Reframe a Multiclass Classifier That Cannot Scale — Practice

A team at an e-commerce company built a multiclass classifier to predict "which product a user will buy next." The catalog has 50,000 SKUs and adds 500 new SKUs per week. They have spent 2 months training the model. The model output is a probability distribution over all 50,000 product classes.

The model is now showing performance decay on new items: products added in the past 4 weeks have significantly lower recommendation rates than older items, and the team is realizing the class count will make the model unmanageable within a year.
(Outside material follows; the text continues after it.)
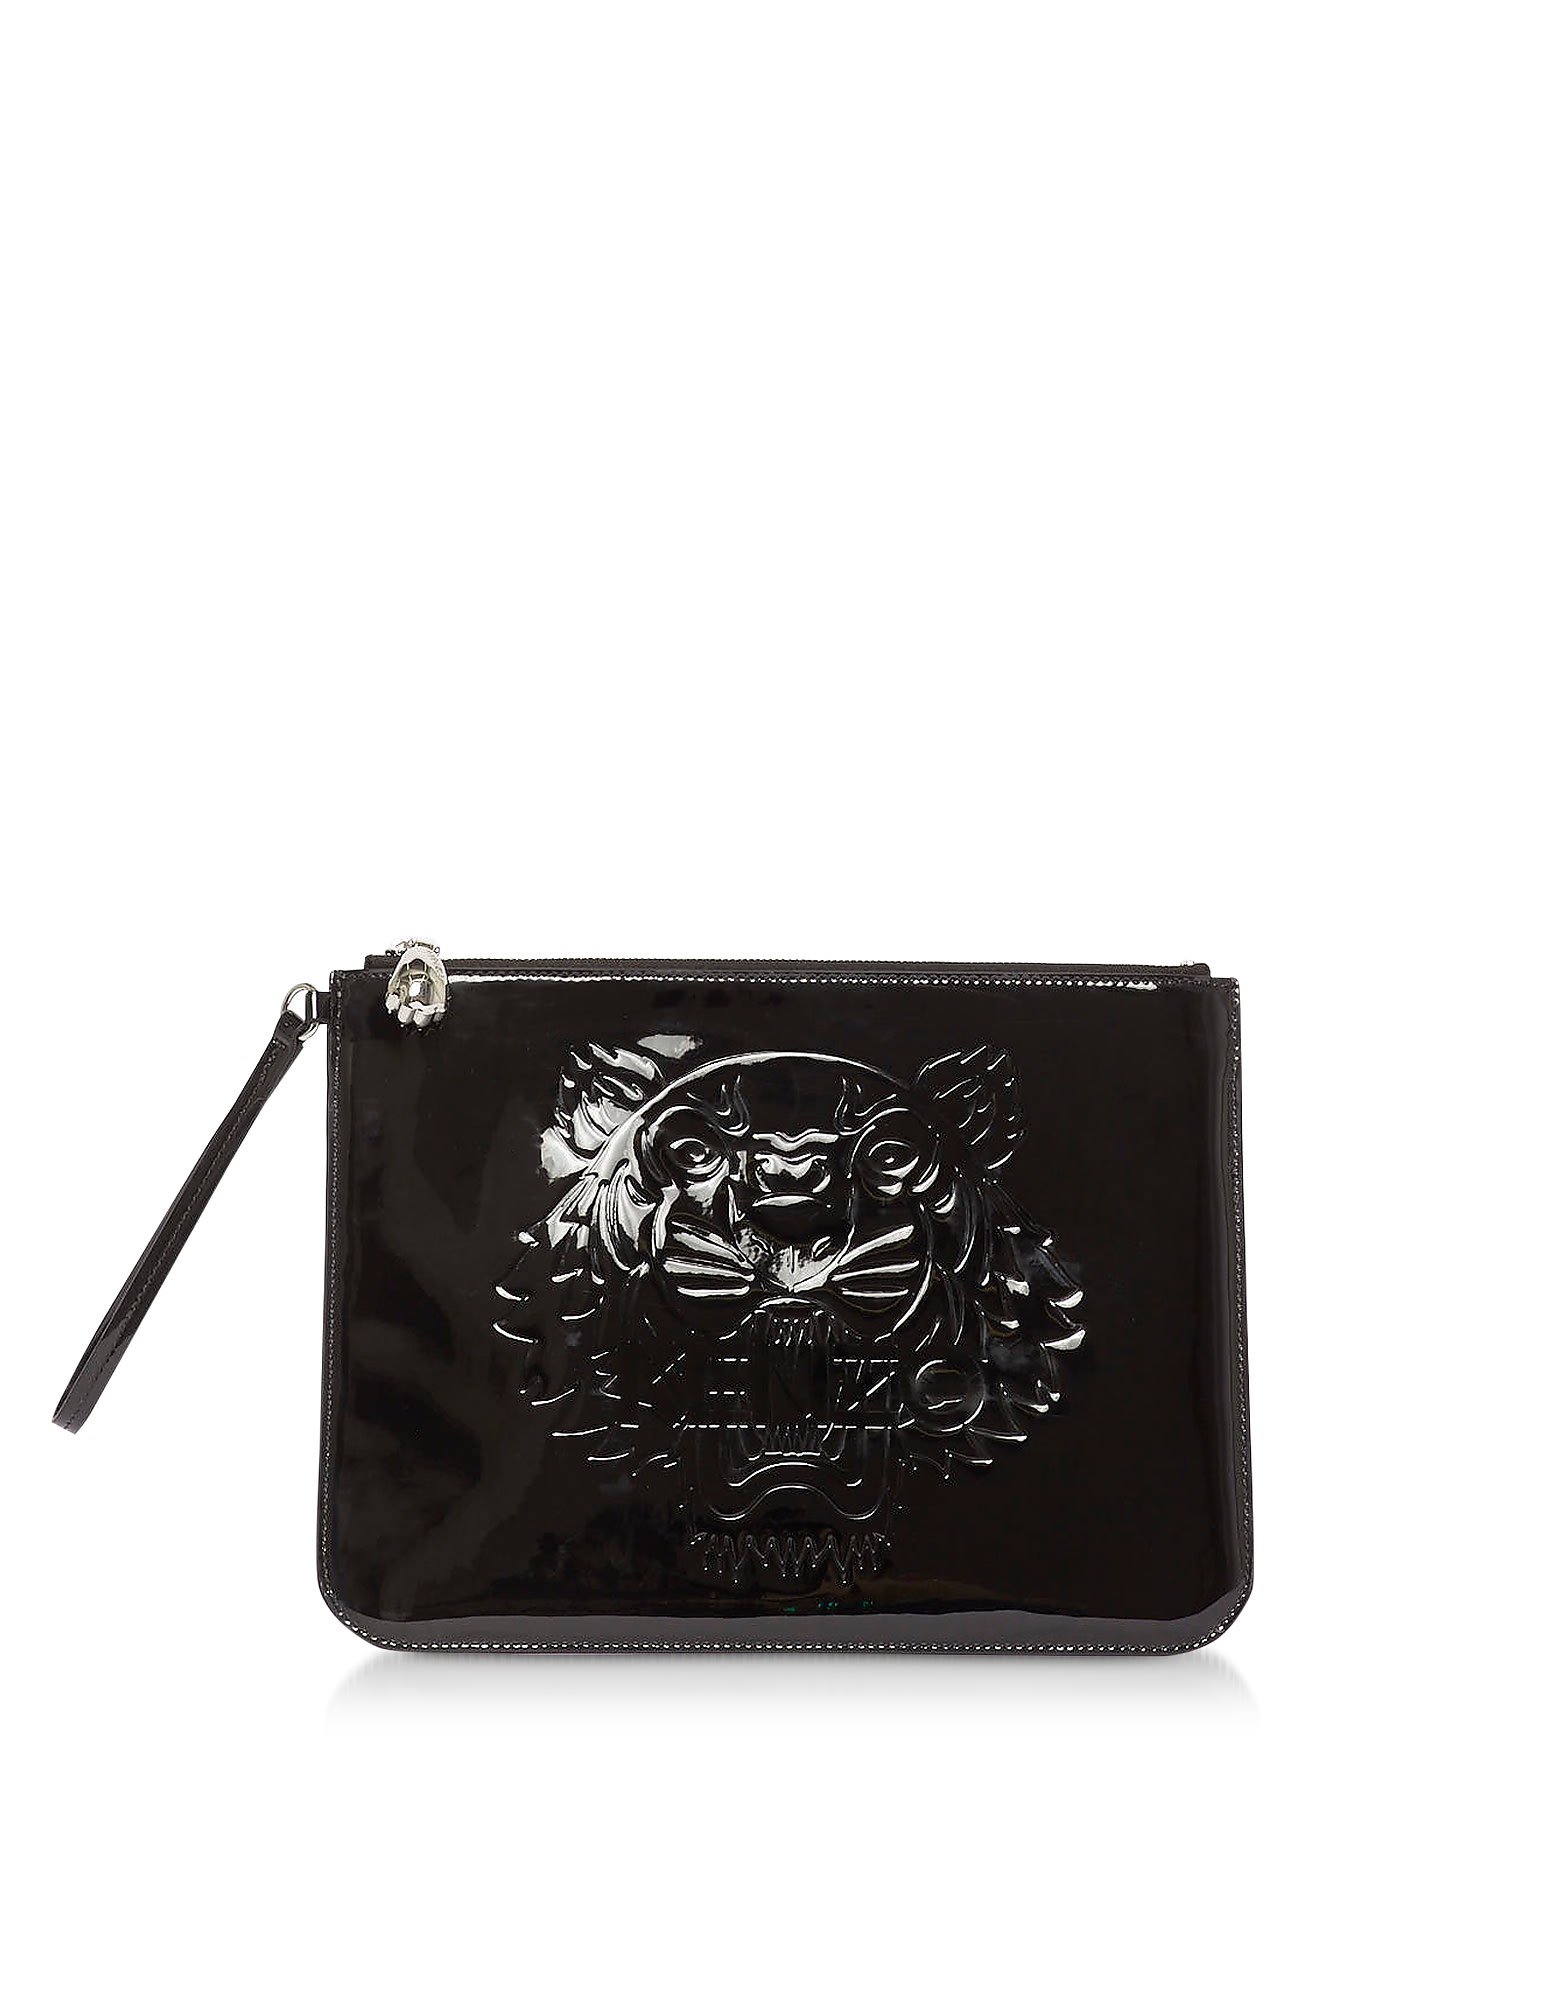 KENZO BLACK PREPPY TIGER EMBOSSED ECO-LEATHER CLUTCH,11234668
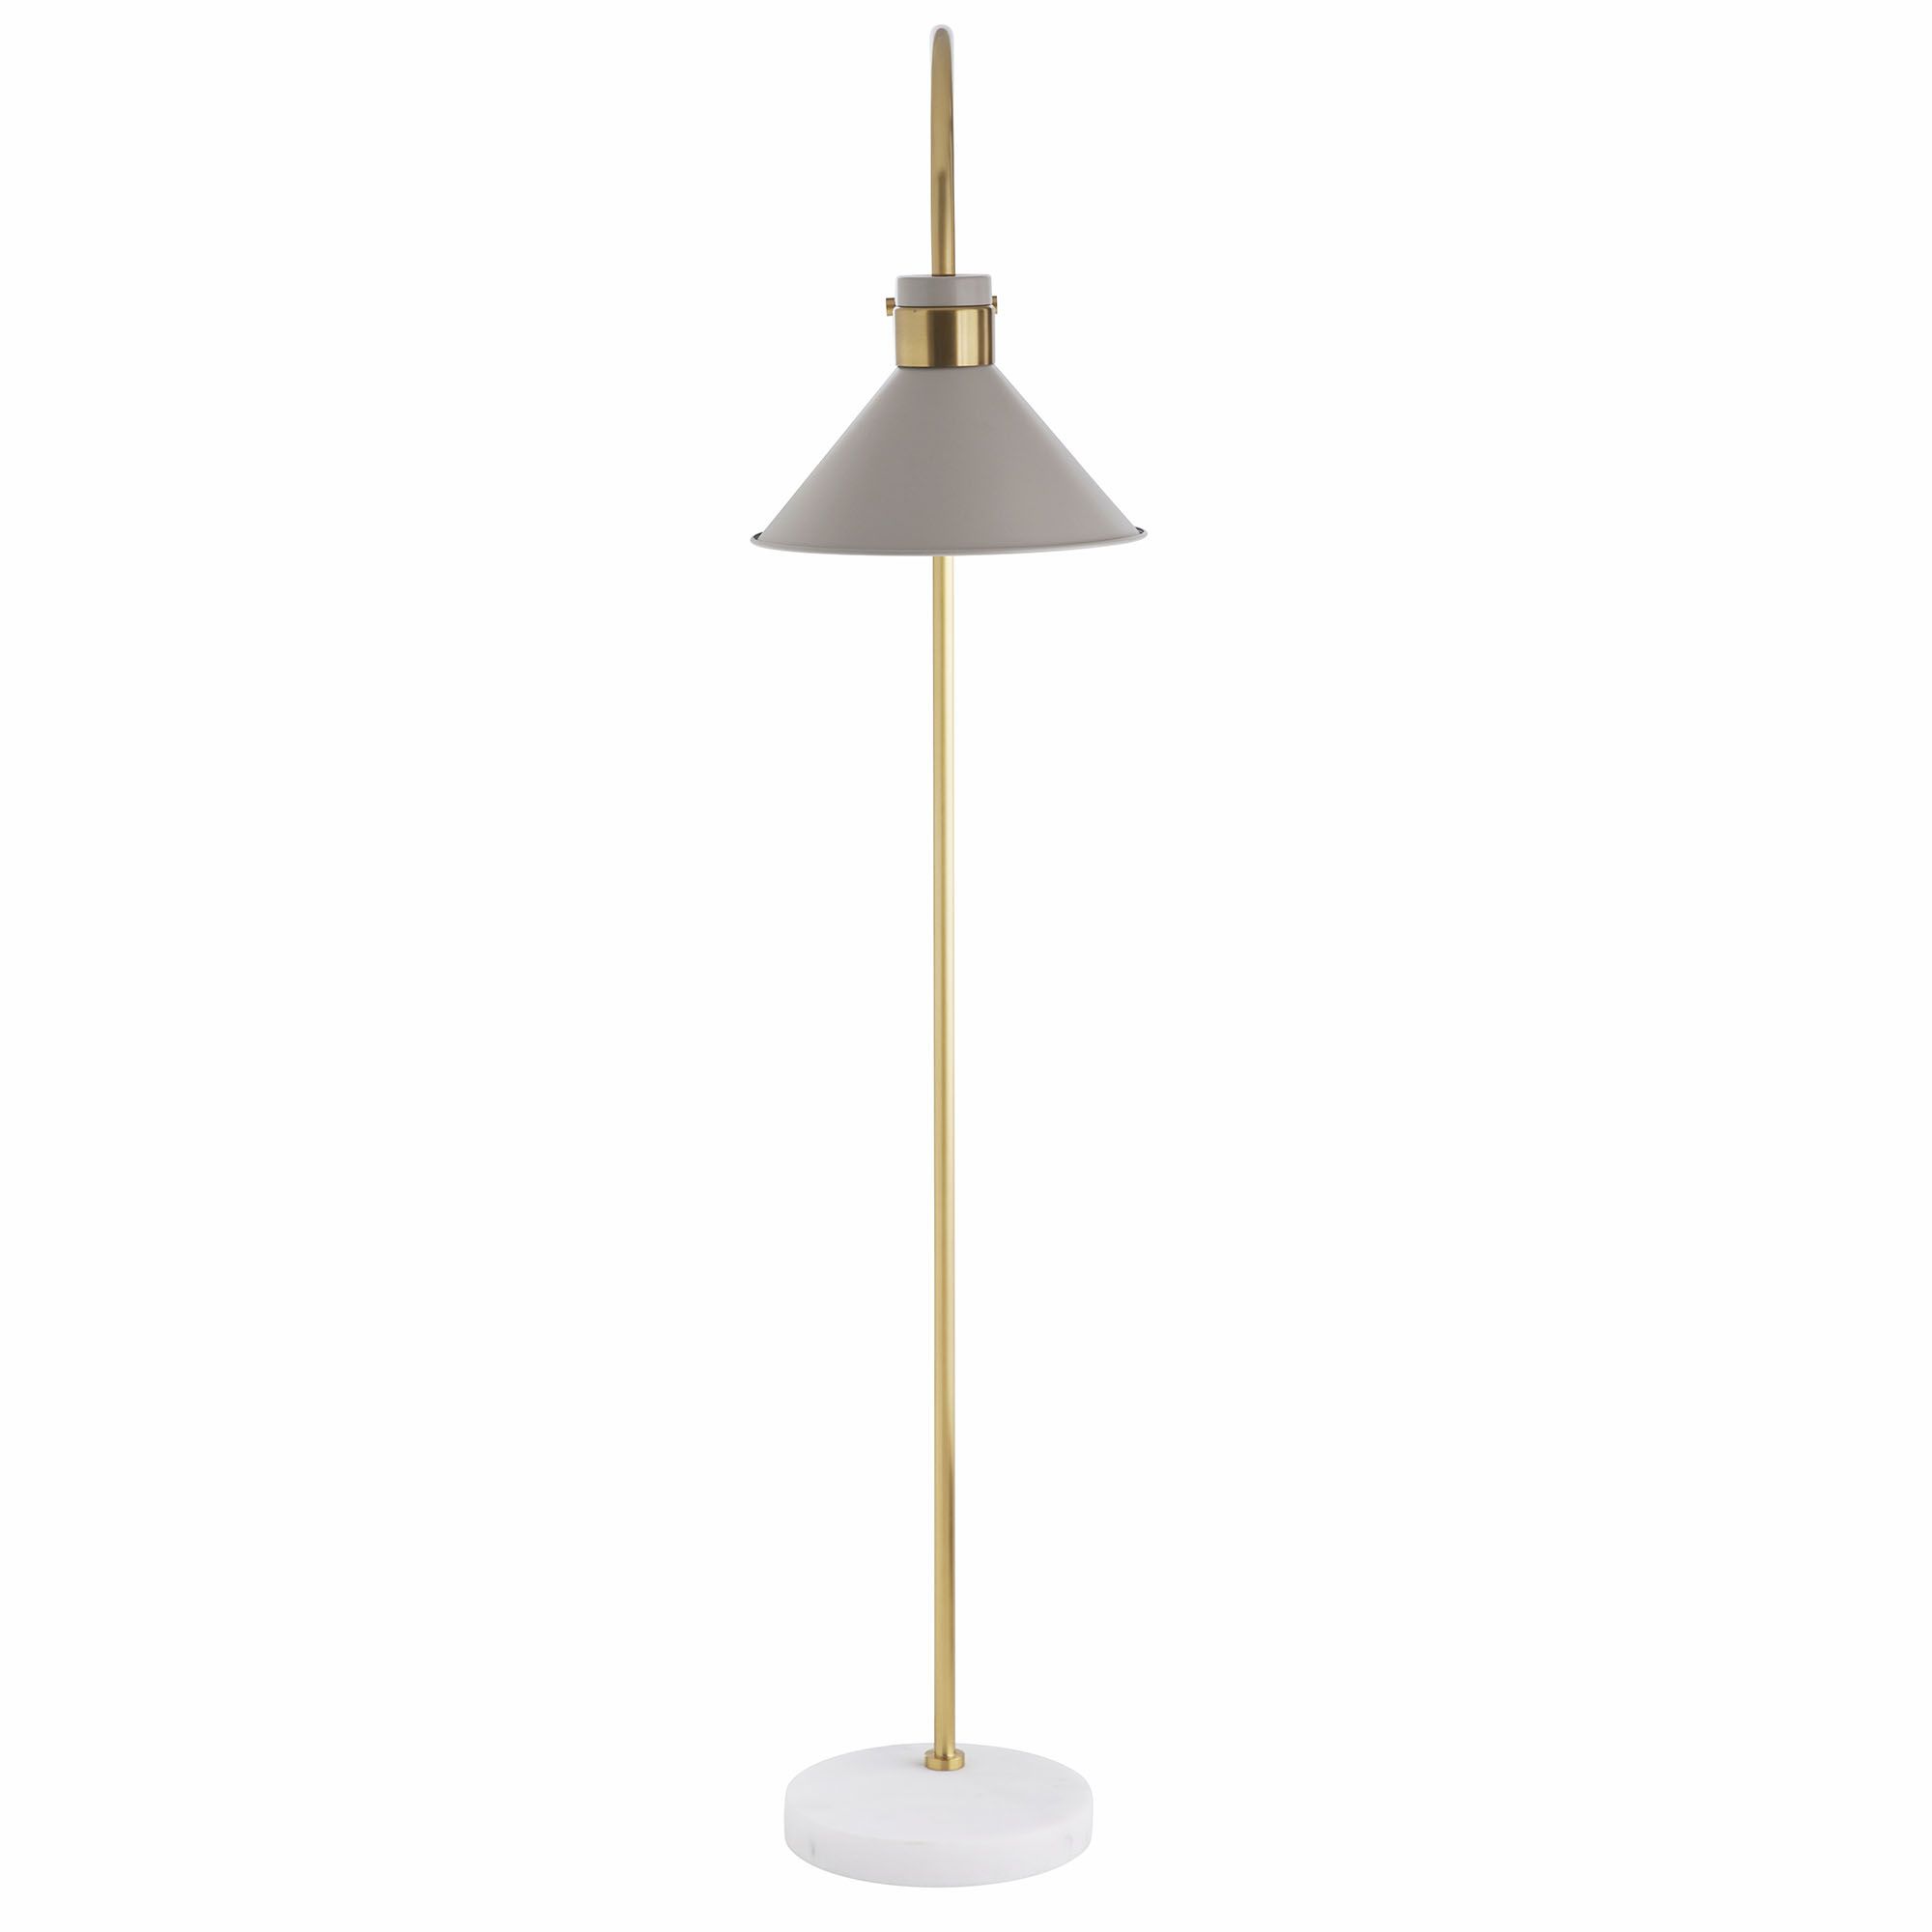 Taupe, Antique Brass, White

What is wrong with the framing? Walk through: your preferred reframing, one reason it scales better, one tradeoff it introduces, and what the team should do with the 2 months of existing work.

Follow-up ladder

Rung 1: You reframe as a scoring model. The product team asks: "How do we recommend new products that have no interaction data?" How does your scoring approach handle this, and what does it require from the product catalog?
Rung 2: The scoring model is deployed. You notice that new products are now getting recommended, but the click-through rate on new product recommendations is 40% lower than on established products. What might explain this, and is it a model problem or a framing problem?
Rung 3: The catalog team says they cannot guarantee high-quality feature data for new SKUs — titles, descriptions, and category tags are often incomplete for the first 2 weeks after a product is added. How does this affect your approach?